§ GIVEN MATERIAL
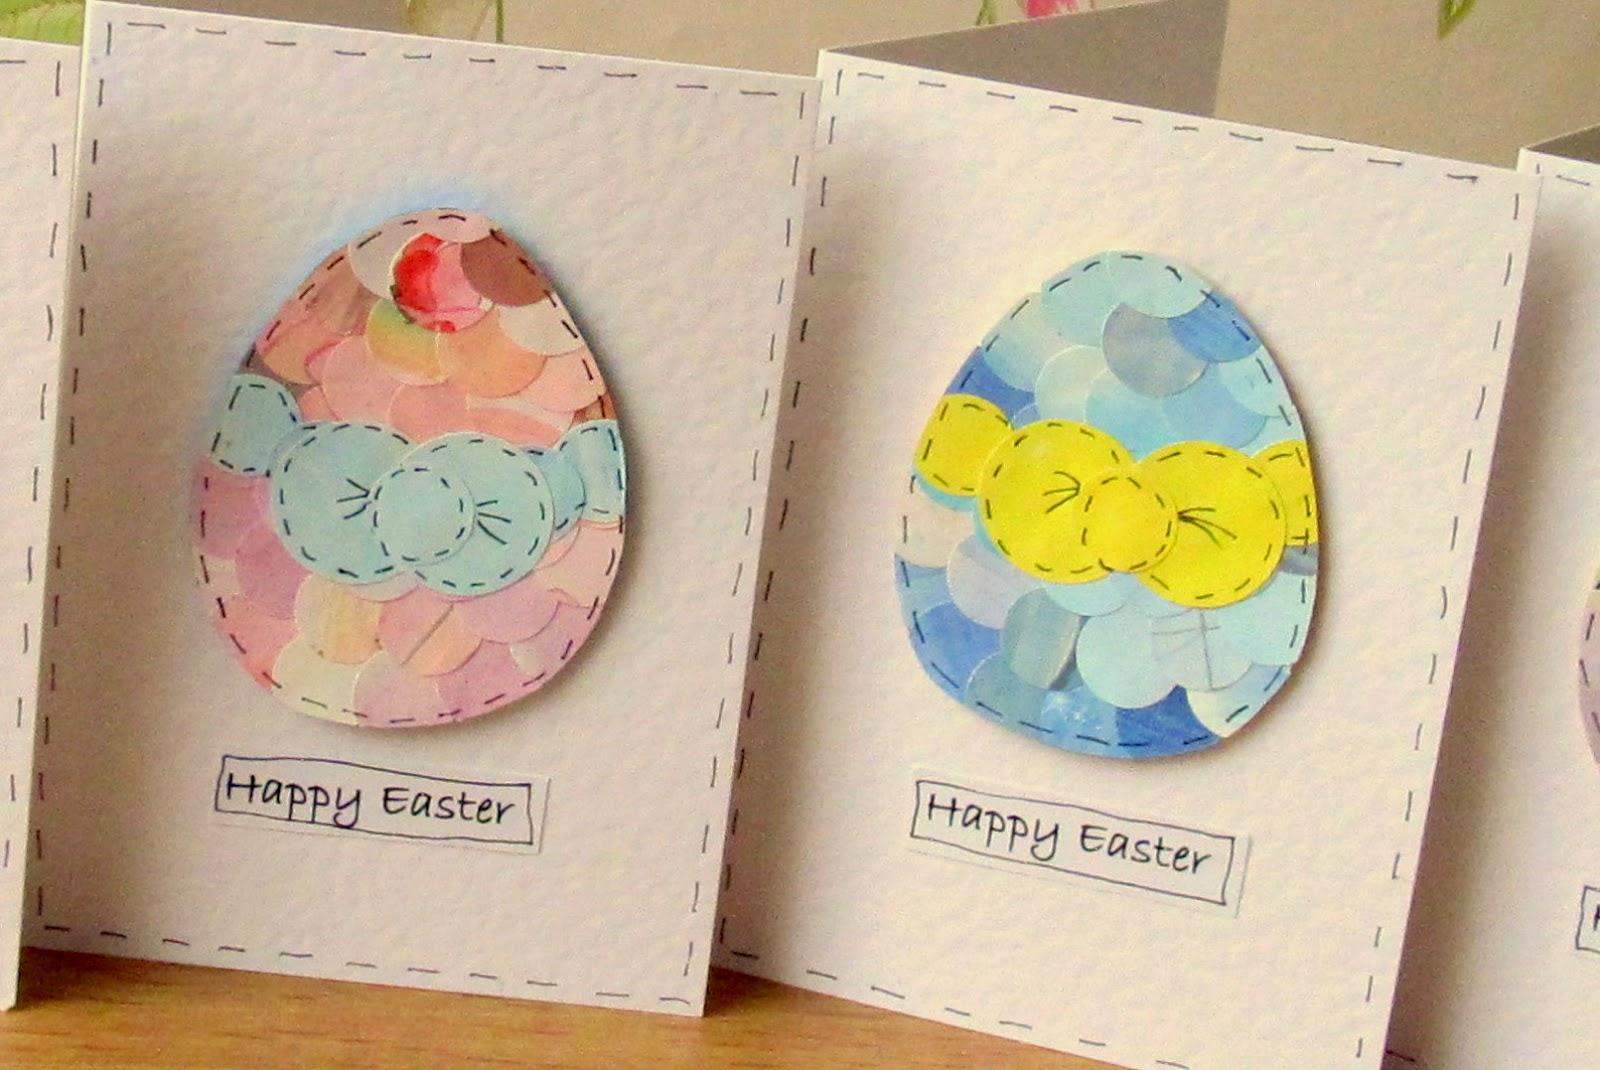 Jennuine by Rook No 17 DIY Vintage Paper Easter Egg Art Guest – Homemade Easter Cards
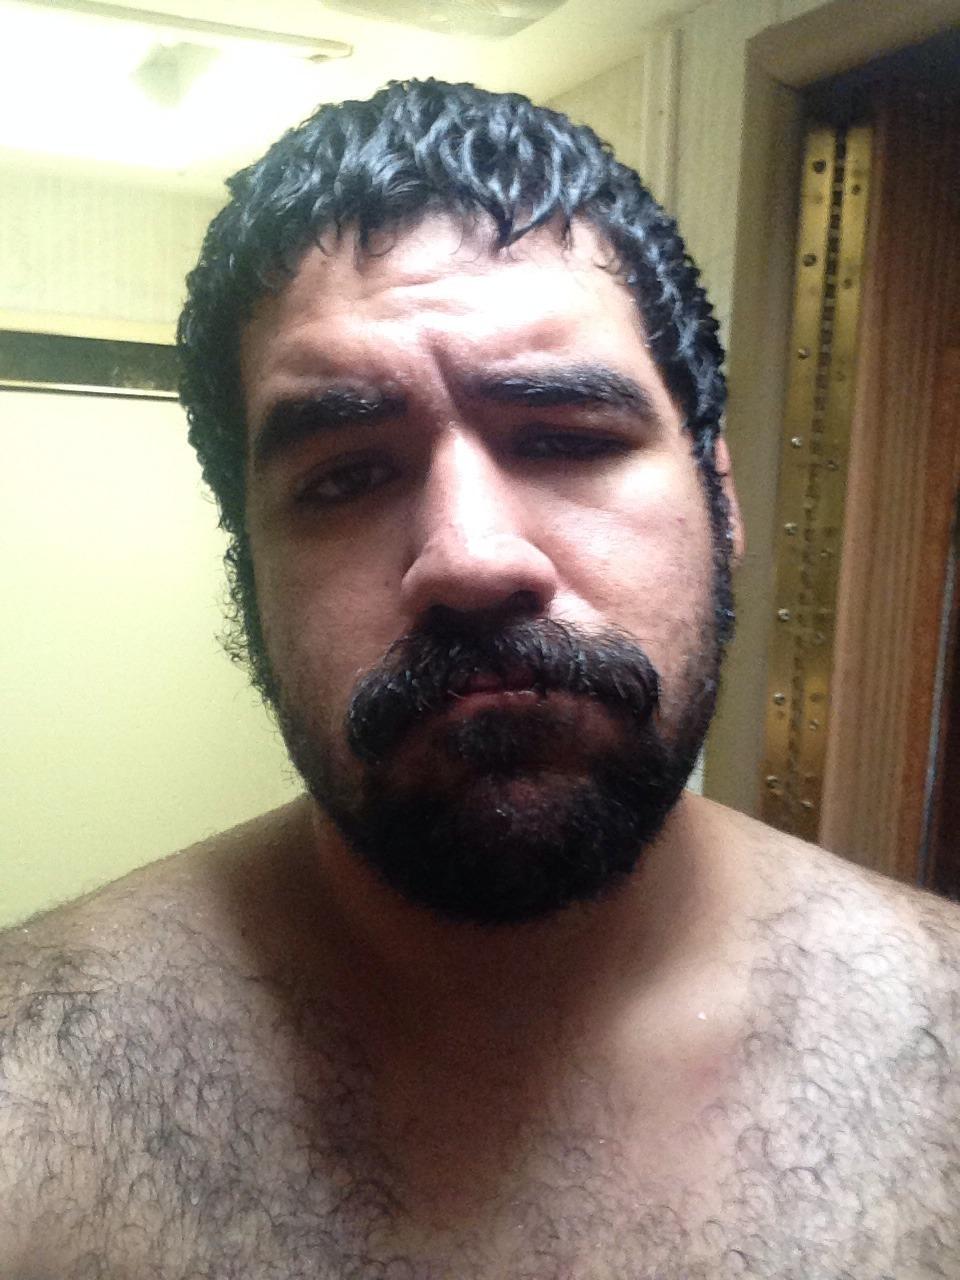 2018-06-04 05:23:00 - iwannabeyourgentleman guess who actually fuckin beardburnme http://www.neofic.com
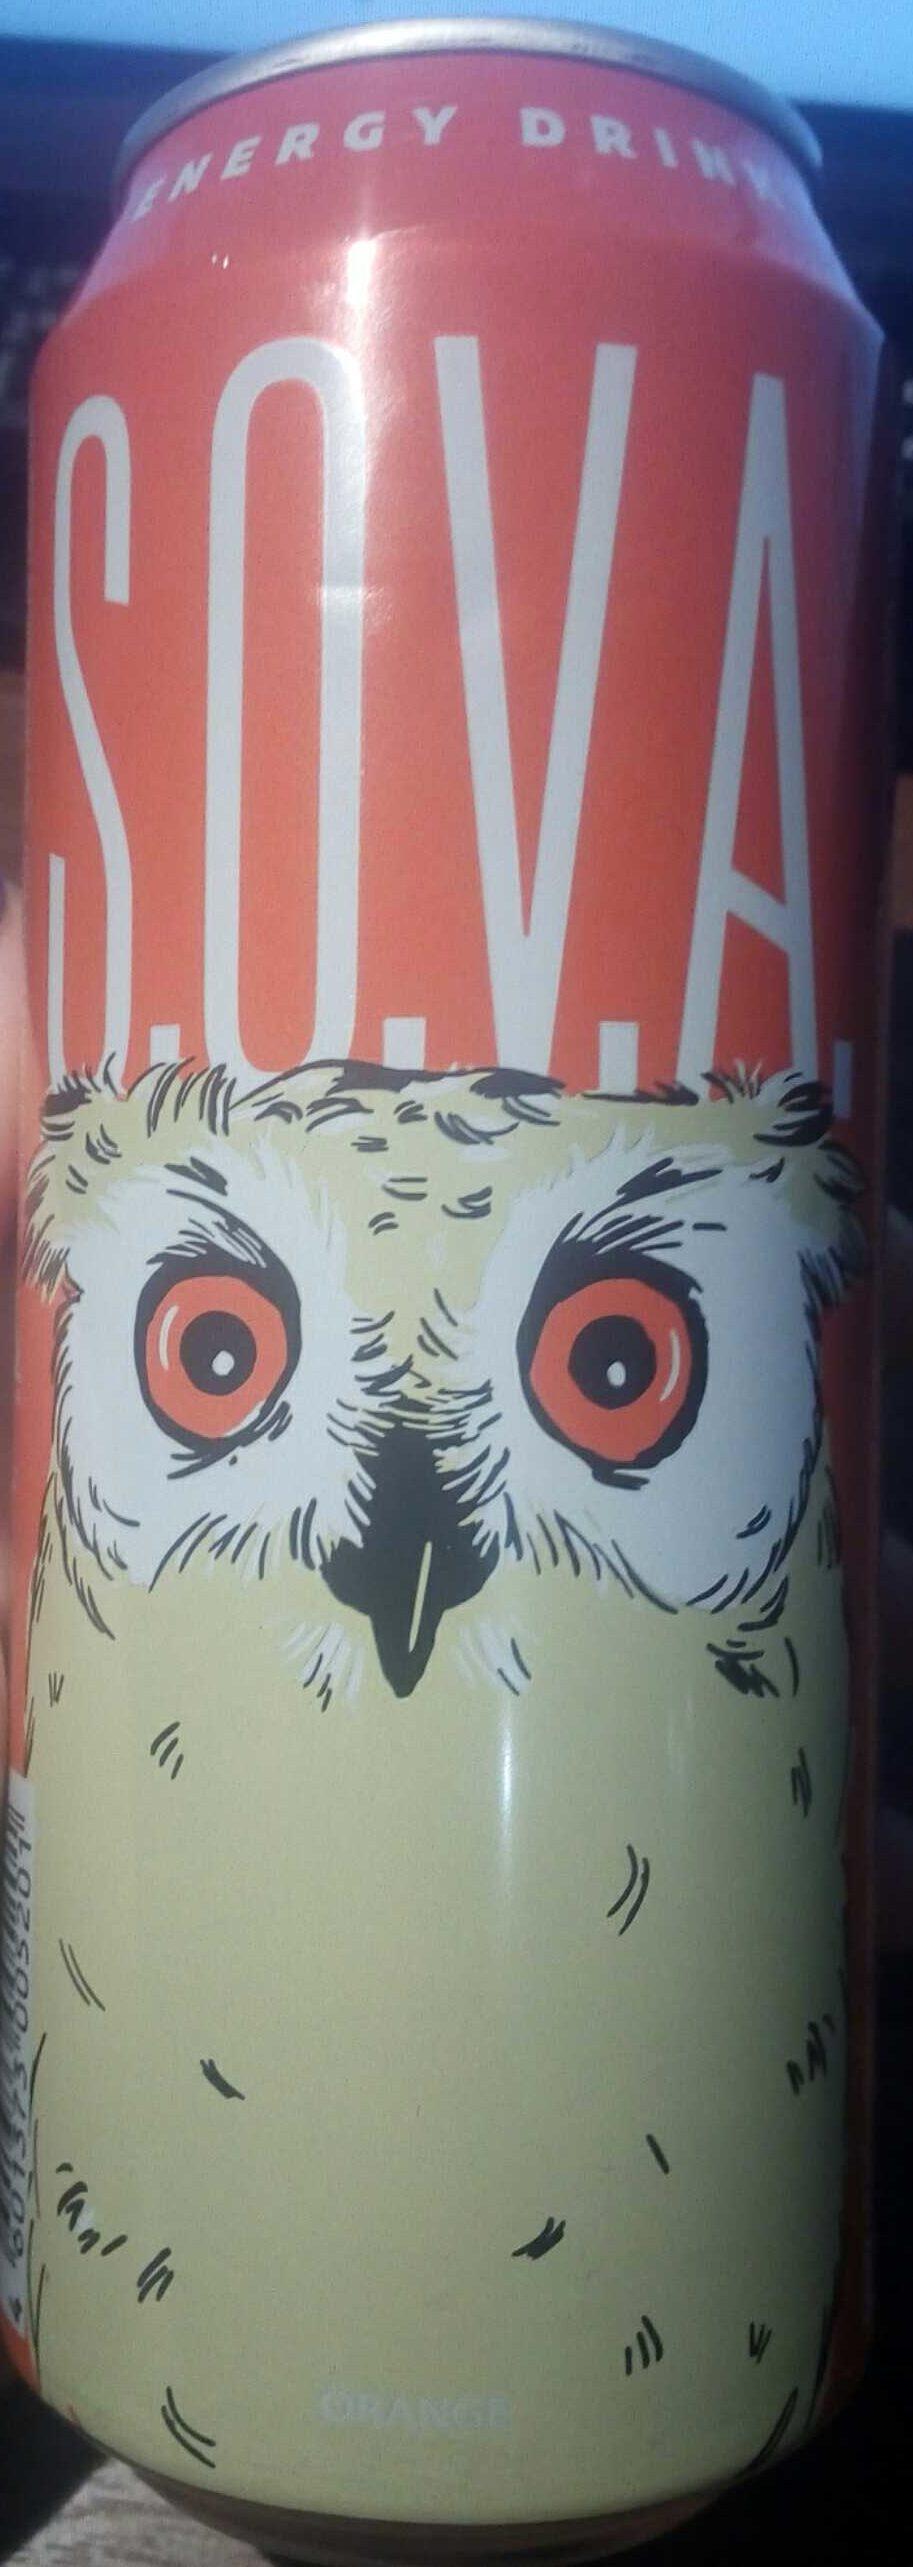 S.O.V.A. Orange - Produit - ru

§ YOUR ASSIGNMENT
Return the complete data unchanged and include none of the pictures.

§ SOLUTION FOR THIS TASK
 Jennuine by Rook No 17 DIY Vintage Paper Easter Egg Art Guest – Homemade Easter Cards
 2018-06-04 05:23:00 - iwannabeyourgentleman guess who actually fuckin beardburnme http://www.neofic.com
 S.O.V.A. Orange - Produit - ru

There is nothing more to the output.